▶ _Problem requirements_:
Could you copy the data that follows exactly as written, but drop the pictures?

▶ _Data segment_:
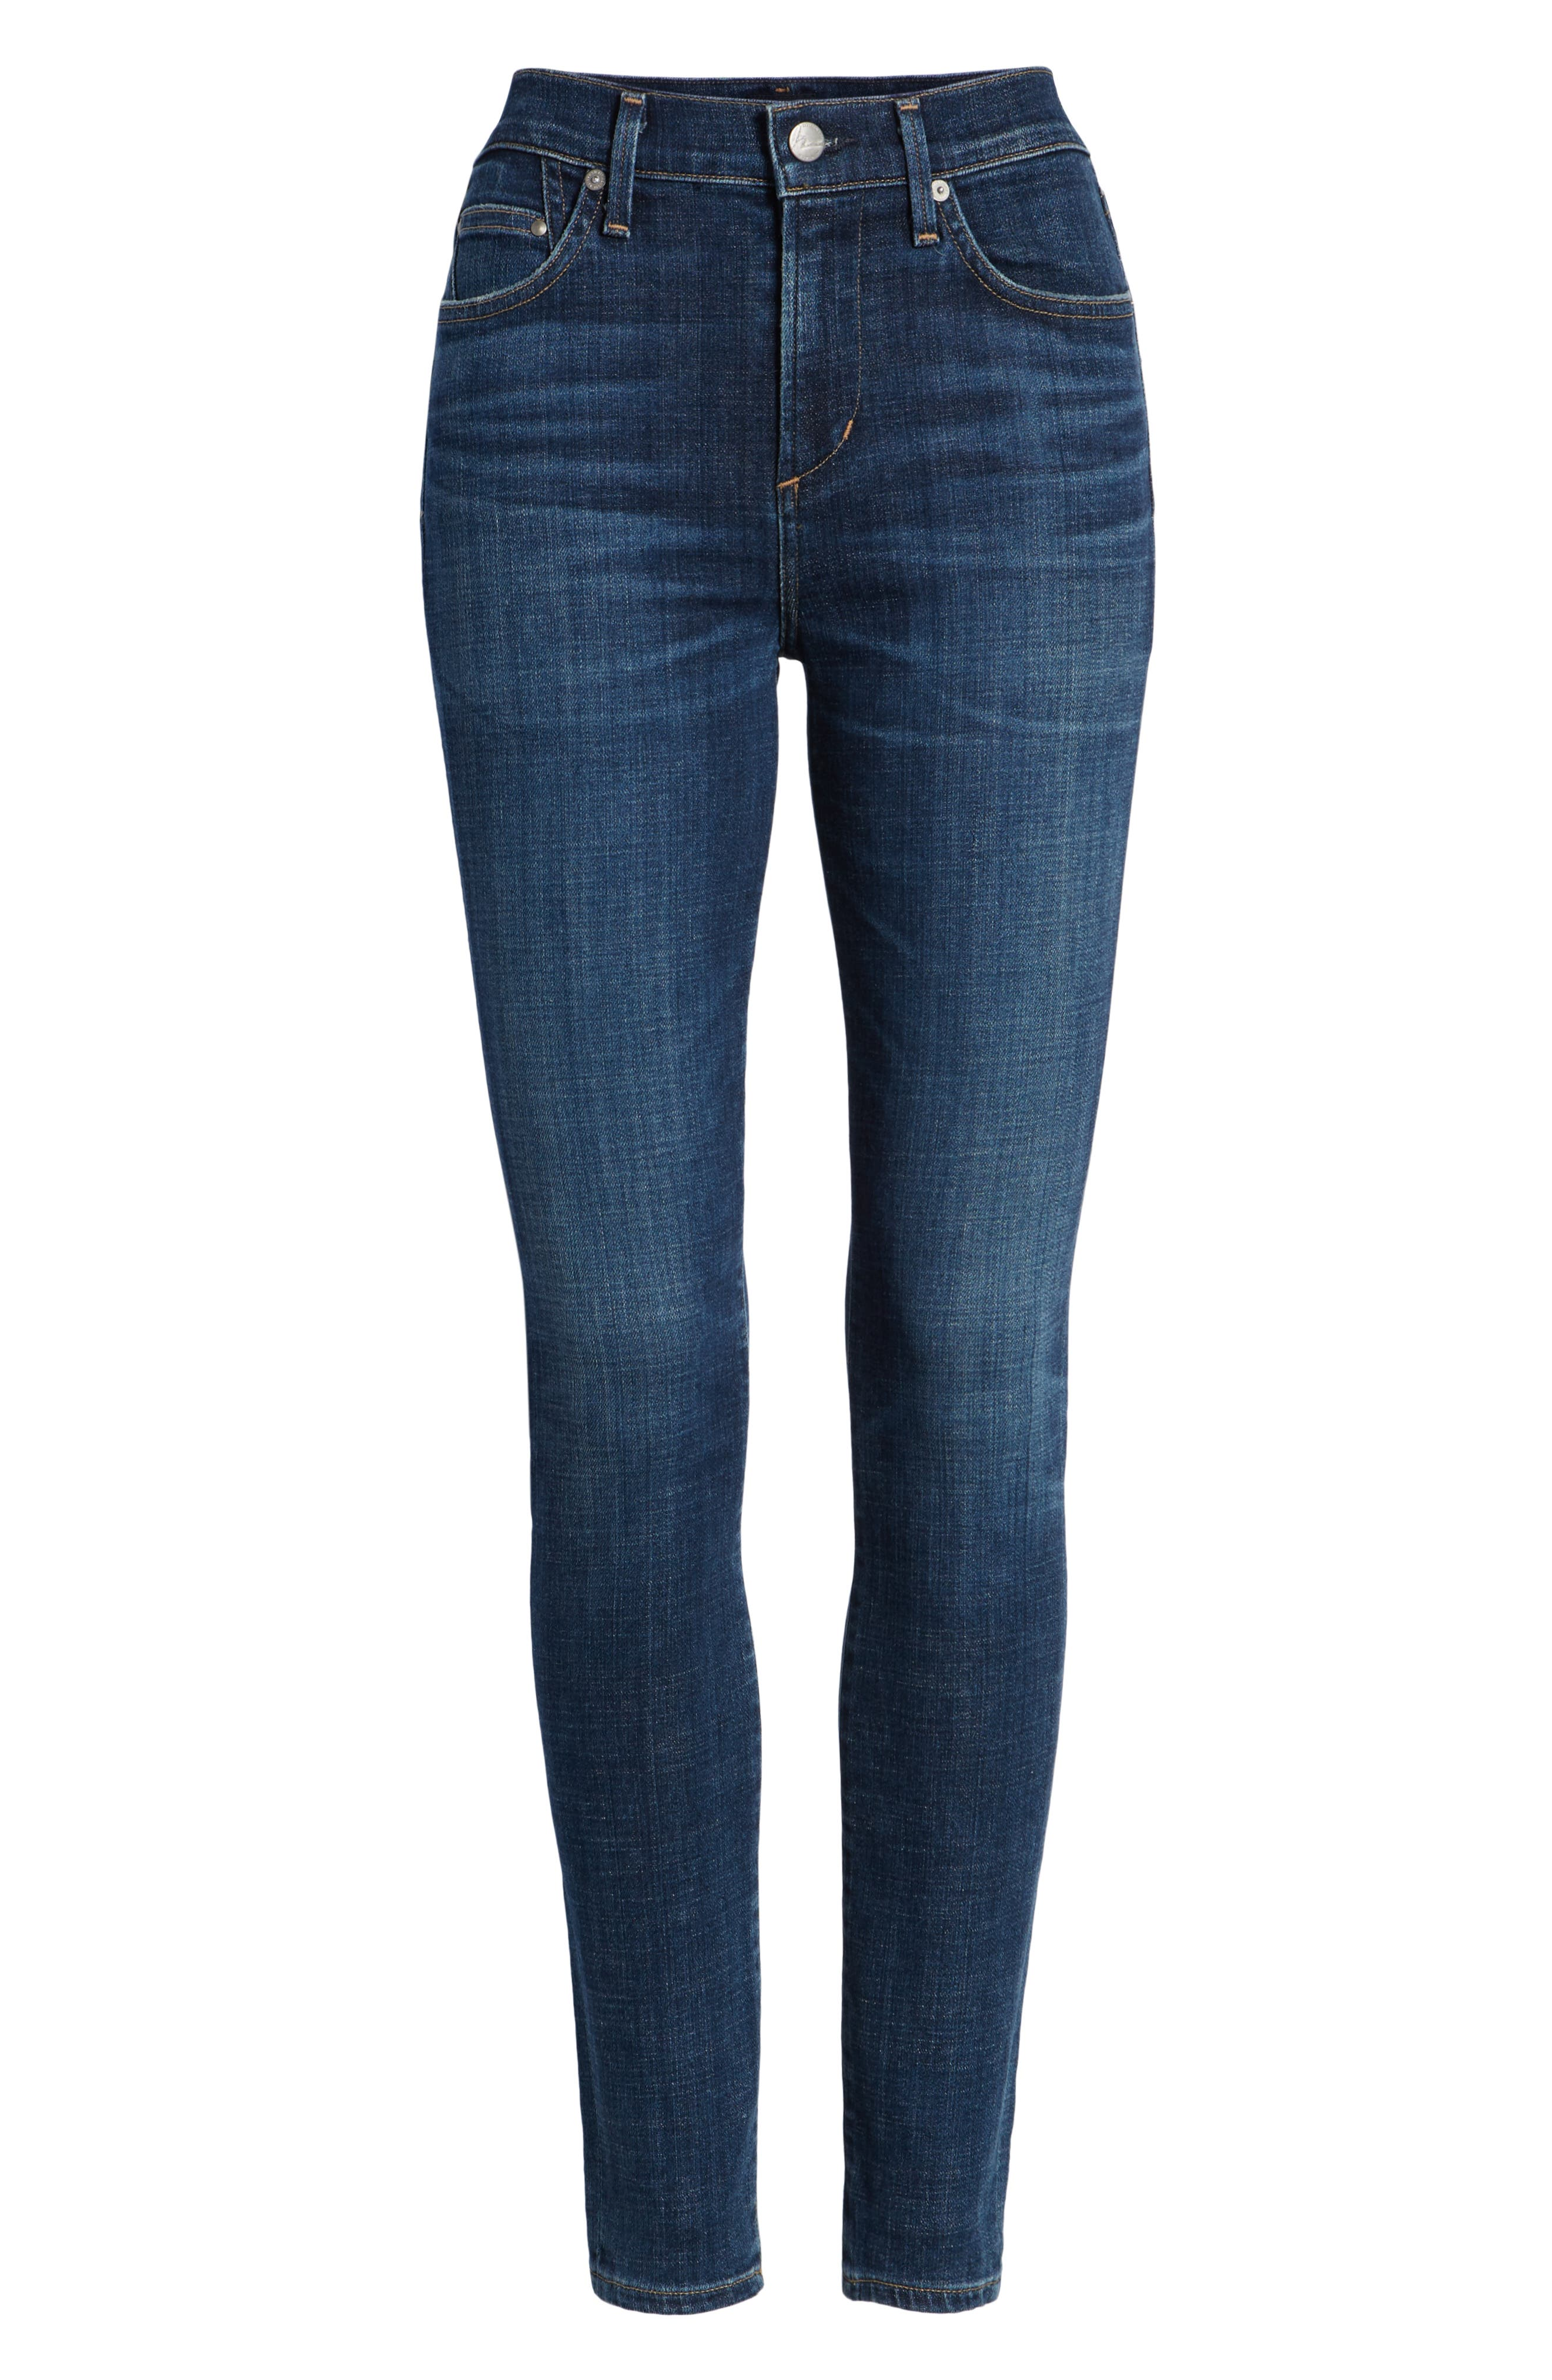 Rocket High Waist Skinny Jeans,                             Alternate thumbnail 7, color,                             428
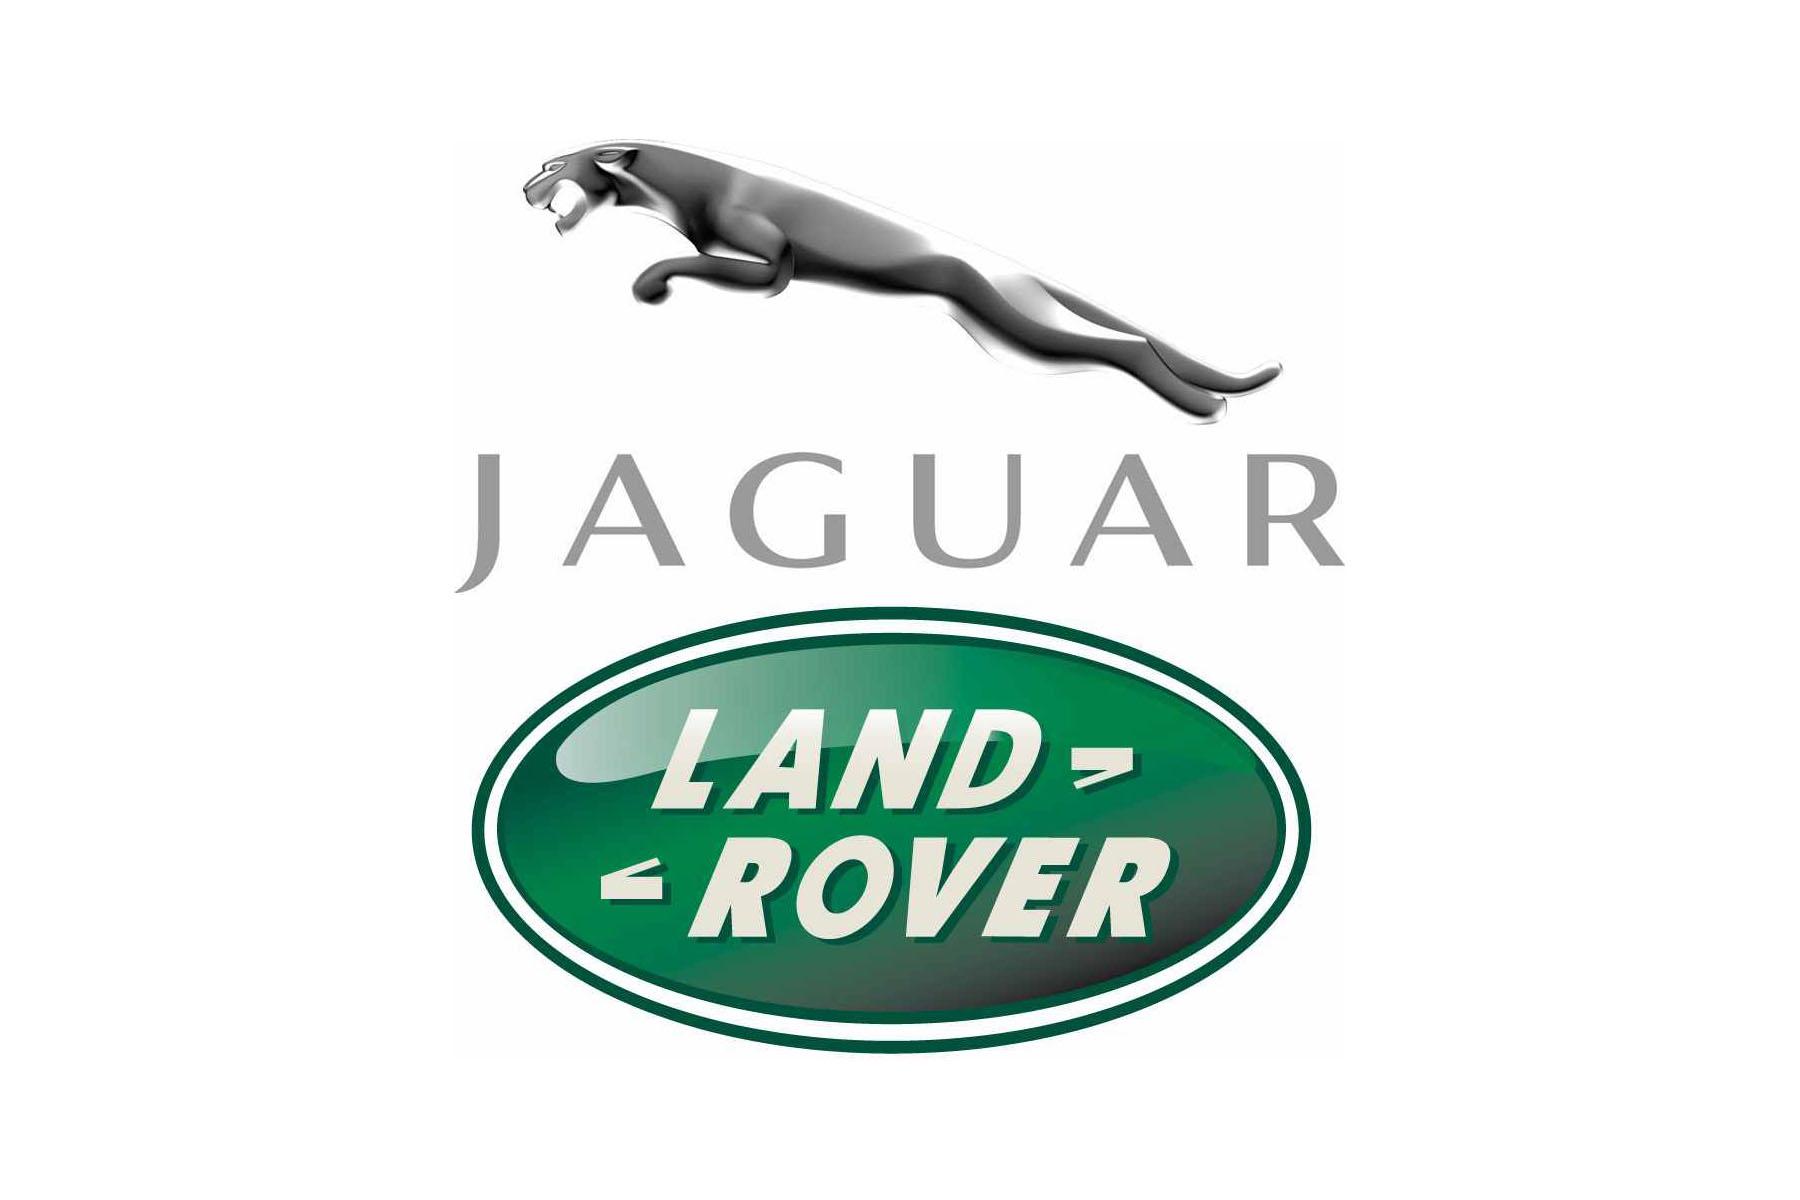 jaguar-lr-logo.jpg
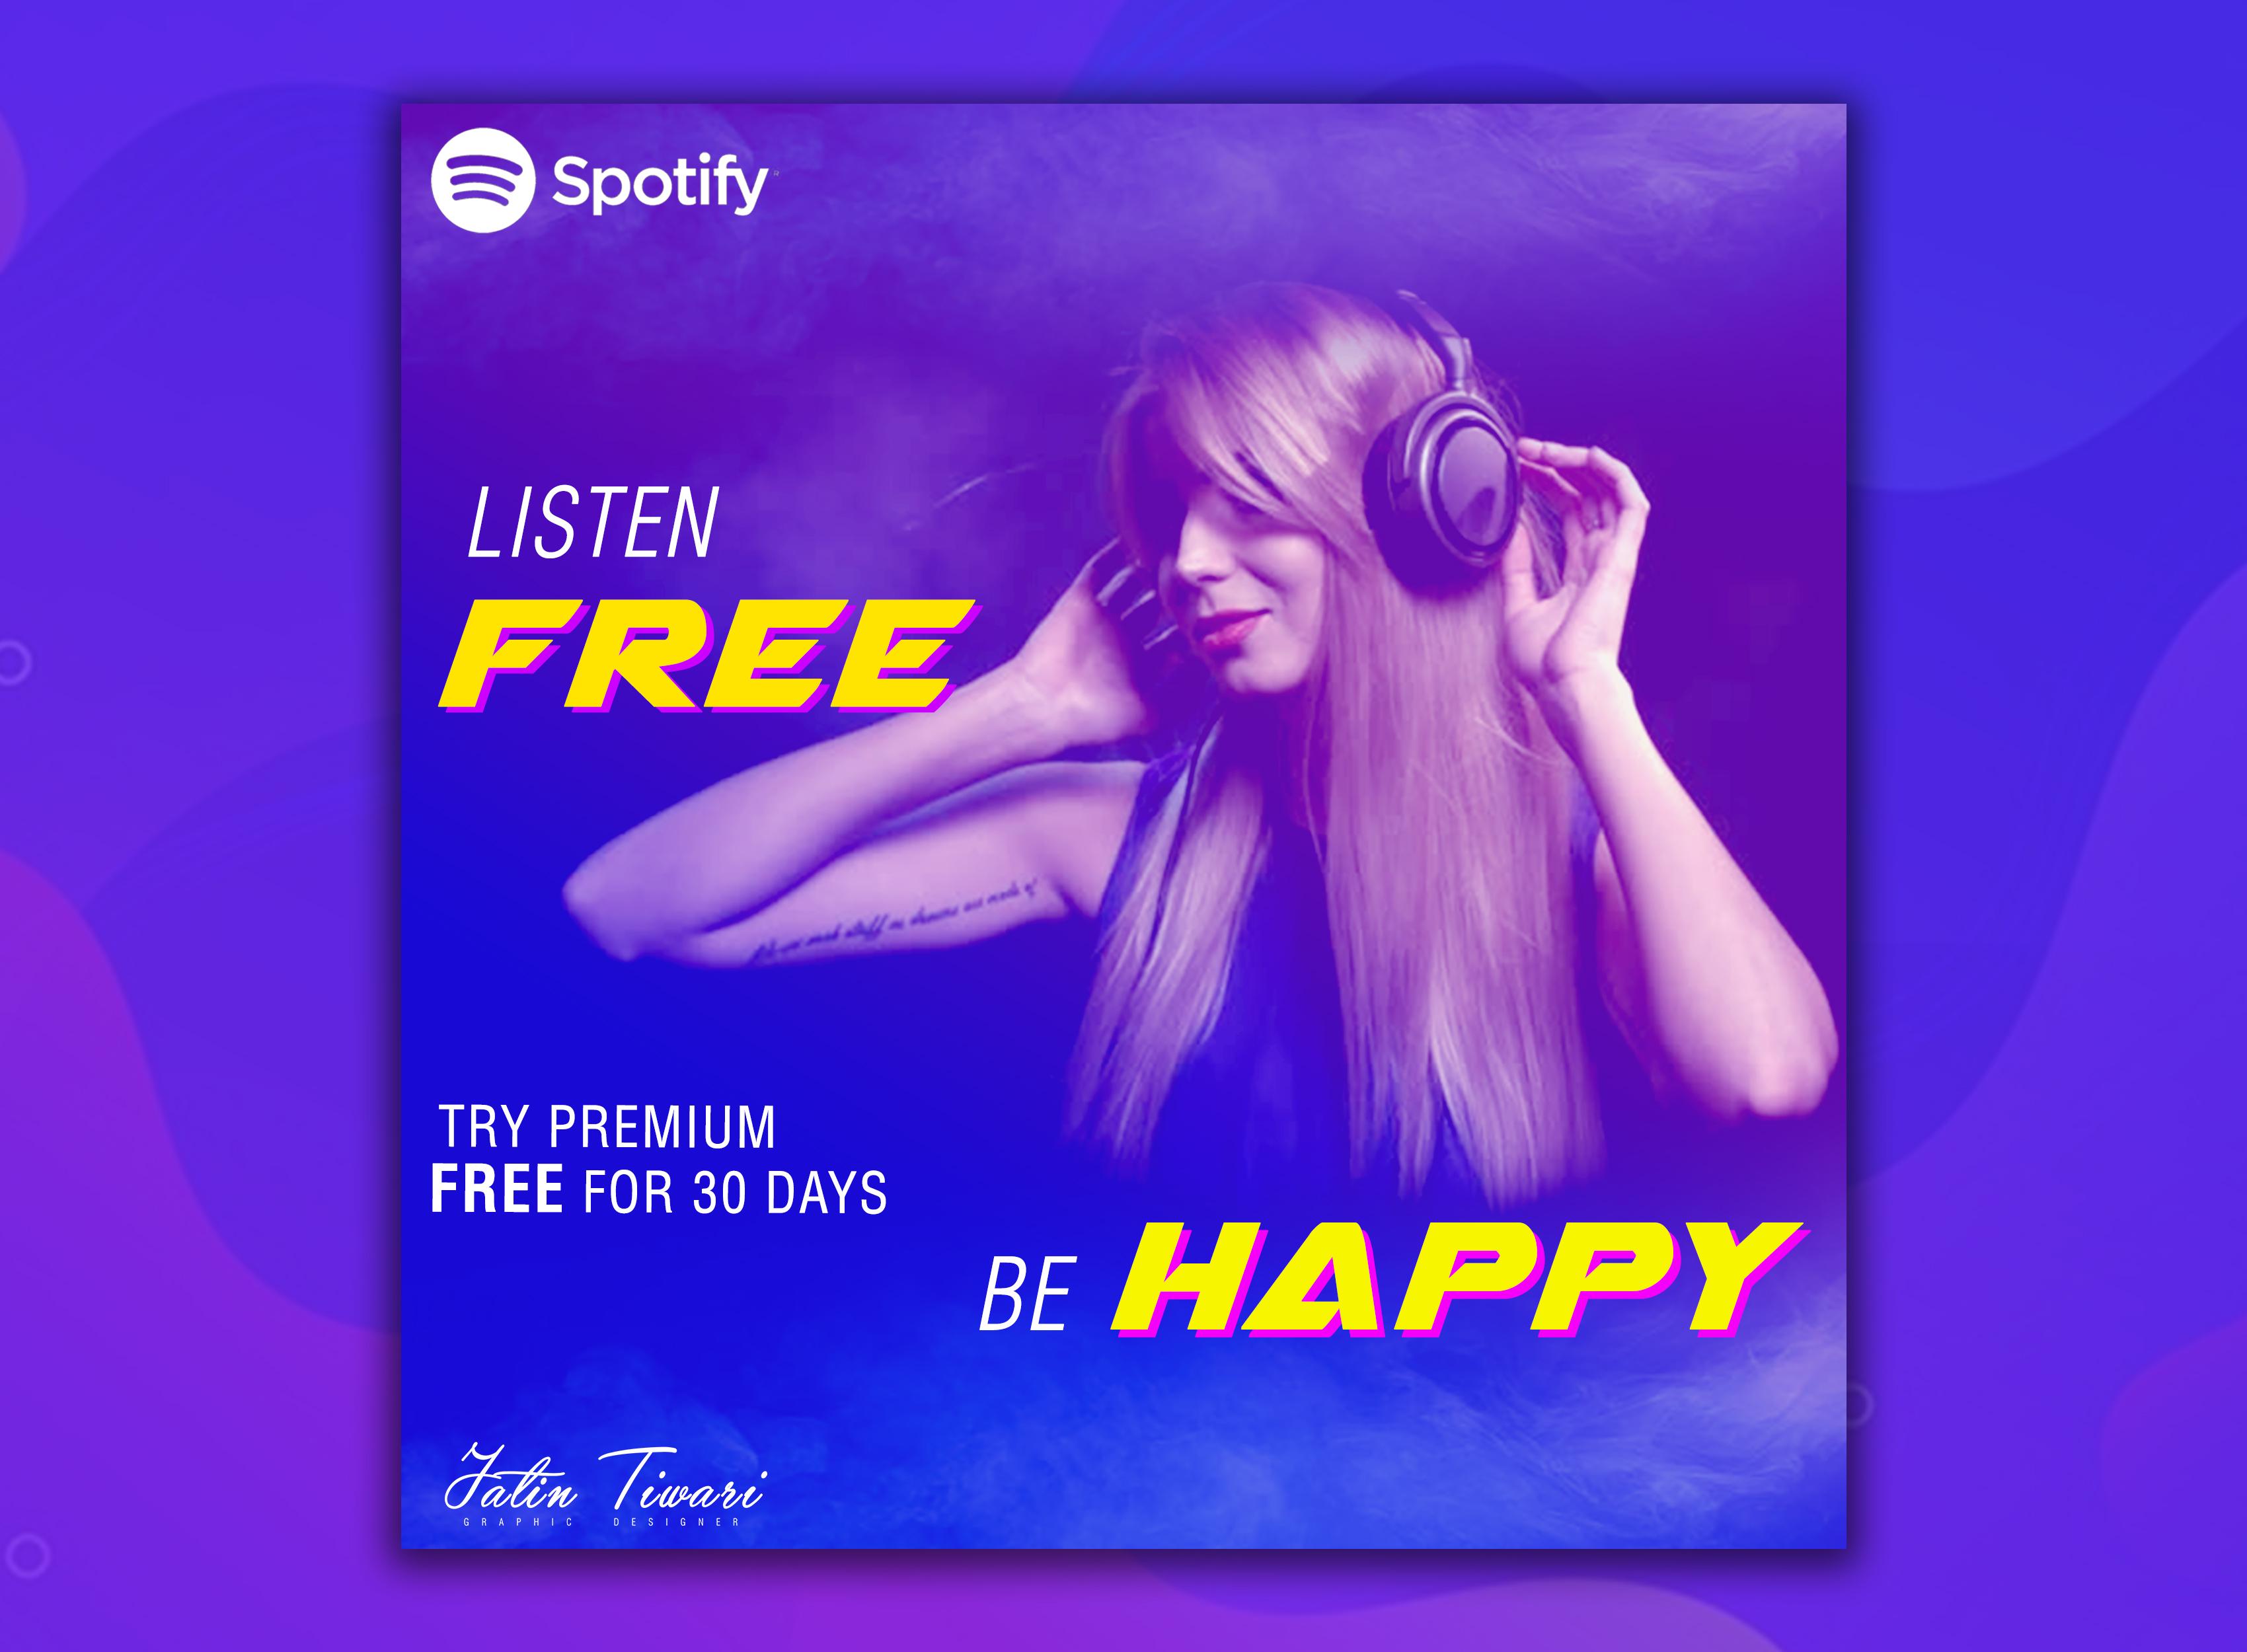 Spotify Poster Design

▶ _Task response_:
 Rocket High Waist Skinny Jeans,                             Alternate thumbnail 7, color,                             428
 jaguar-lr-logo.jpg
 Spotify Poster Design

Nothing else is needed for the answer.